On December 6th 1946, the Maeght Gallery in Paris opens an exhibition “Black is a color”, putting together 25 still unknown works by Bonnard, Matisse, Braque, Rouault, Van Velde and other renowned artists at that time. The exhibition came with publishing of the first issue of «Derrière le miroir», (review which became legendary founded by Aimé Maeght and his publishing house «Pierre à feu»), it proclaimed also, clear and loud on the cover, that black is a color. Ornated with 6 lithographs of Geer Van Velde, Jacques Kober asserts: “Black color gives us decline, a kind of poverty. It’s a loss of balance, anappeal of air. It’s black that makes colors to keep well away from others. It’s a matter of a light beyond the light, of it’s acclimatization and that this light allows a revival, a source (My Hungers, there are an ends of black air, says Rimbaud). (…) But black color is at once an abstract notion and dangerous as far as it clears off, as well as a concrete element. Black concrete (if I can say so) can be a burning sensation or a caress, a splash. By backflash, it’s presence puts the painting all to use constructed from colors a synthesis of light and of space (colors on the canvas and not in the tube)». Using again the title «Black is a color», the Maeght Foundation will pay homage to the exhibition and to the review, both founders. It will be also an opportunity to include contemporary art from the beginning of this century, through November 5 2006.

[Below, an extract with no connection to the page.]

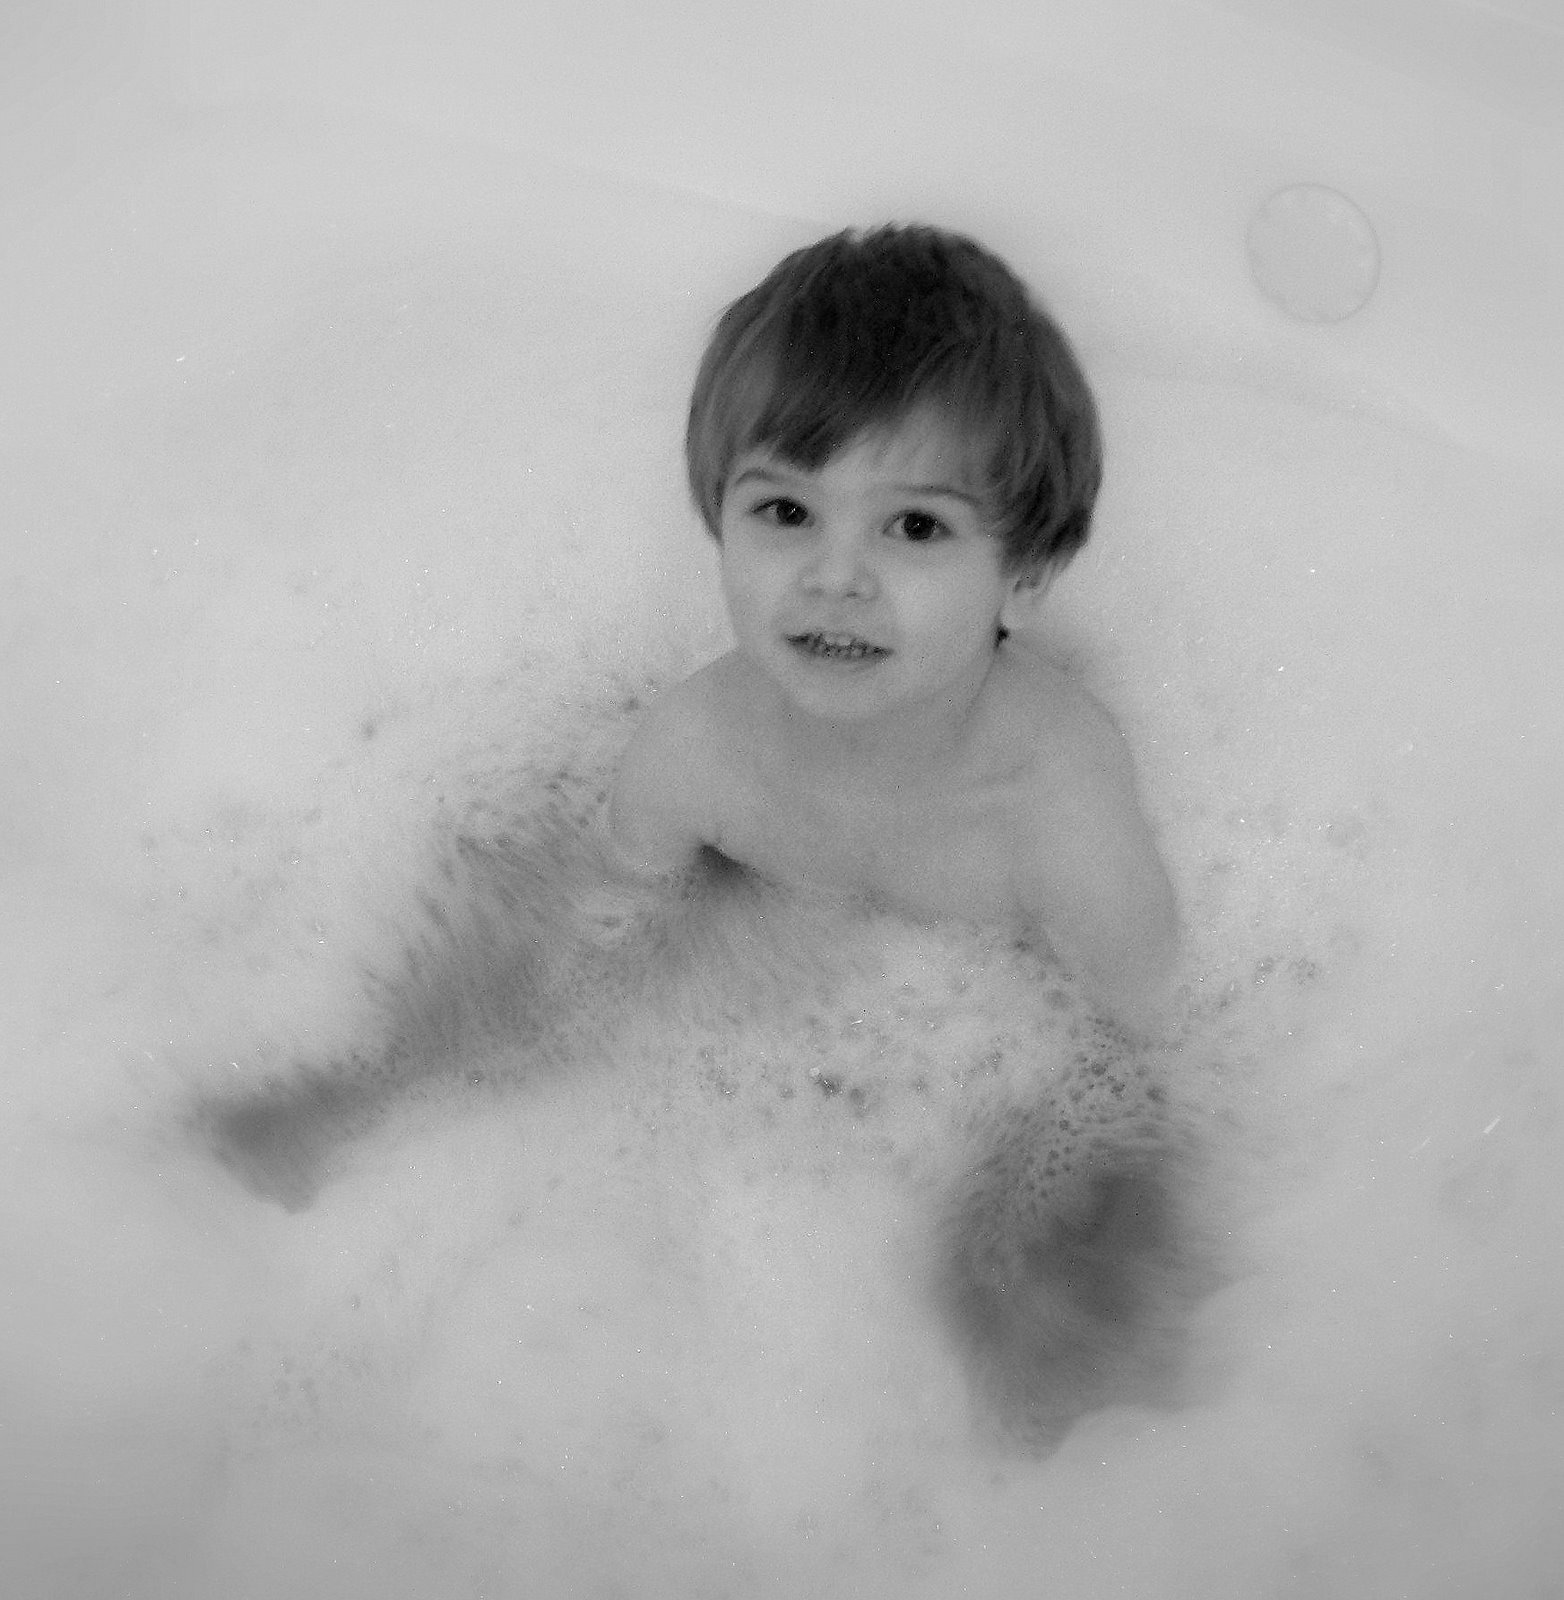 [Carter+in+Bathtub+at+Resort.jpg]
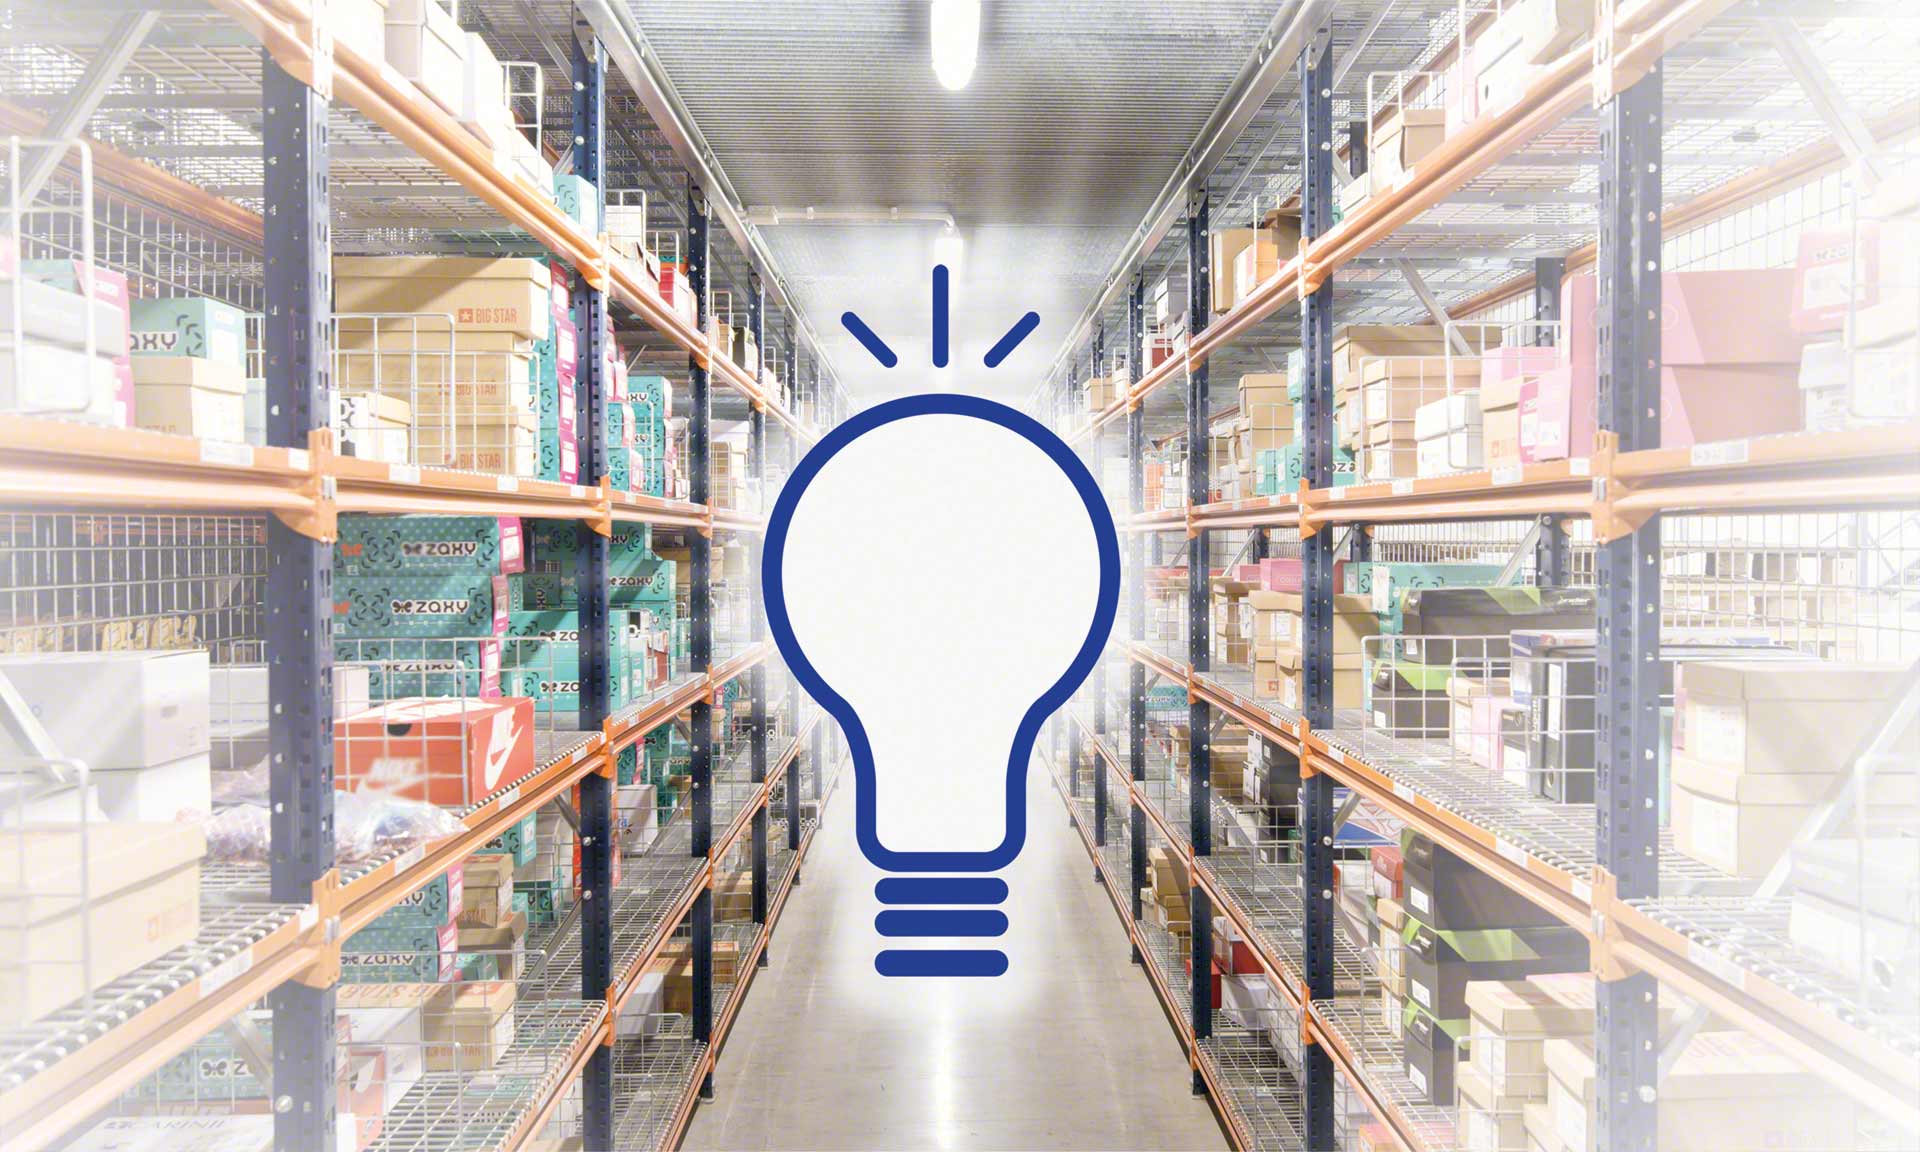 Iluminación en almacenes: una cuestión de productividad, seguridad y ahorro

Moreover - a successful hazard of schedule comes into it. It will be the occasion to celebrate the centenary of Aimé Maeght’s birth (1906). Geer Van Veld, Henri Matisse, Georges Braque and Pierre Bonnard will be «present» witnesses from the exhibition in 1946, Joan Miró will offer some irrepressible waves. Lucio Fontana, Olivier Debré, Simon Hantaï, Hans Hartung will scratch and will open the night of canvases. Ellsworth Kelly, Ad Reinhardt, Josef Albers and Fernand Léger, Aurélie Nemours, Barnett Newman will structure the infinite velvety texture of their dark pigments. Robert Motherwell, Willem De Kooning, Kazuo Shiraga, Bram Van Velde, Raoul Ubac, Henri Michaux, Franz Kline, Jean Dubuffet, André Masson will inscribe their gesture on matter. Alberto Burri, Richard Serra, Jannis Kounellis, Claudio Parmeggiani, Antonio Saura, Arnulf Rainer, Gerhardt Richter, Antoni Tàpies and Pierre Soulages will shed their fat and silky exhalations. Alighiero Boetti, Pol Bury, Jean Tinguely, Robert Malaval will abolish the heaviness of their materials. Bernar Venet, Christian Boltanski, Brice Marden, Allan Mc Collum, Anish Kapoor, Anselm Kiefer will mix by the mean of darkness limits between figure and shapelessnes. Sculpture and cinema won’t be left off (Tony Smith, Skoda for sculpture and Hélène Delprat, Camille Henron but also Yervant Gianikian for animated image). Finally, Nicolas Chardon, Pascal Pinaud, Mark Dion, Henri Foucauld, Pierrette Bloch, Alain Fleischer, the group BP will invent, not devoided of sense of humor, with what Jean Dubuffet noticed to tell the variations of black: «brilliance, mat, shining, polished, rough, smooth...black is an abstraction; there is no black, there are black matters”.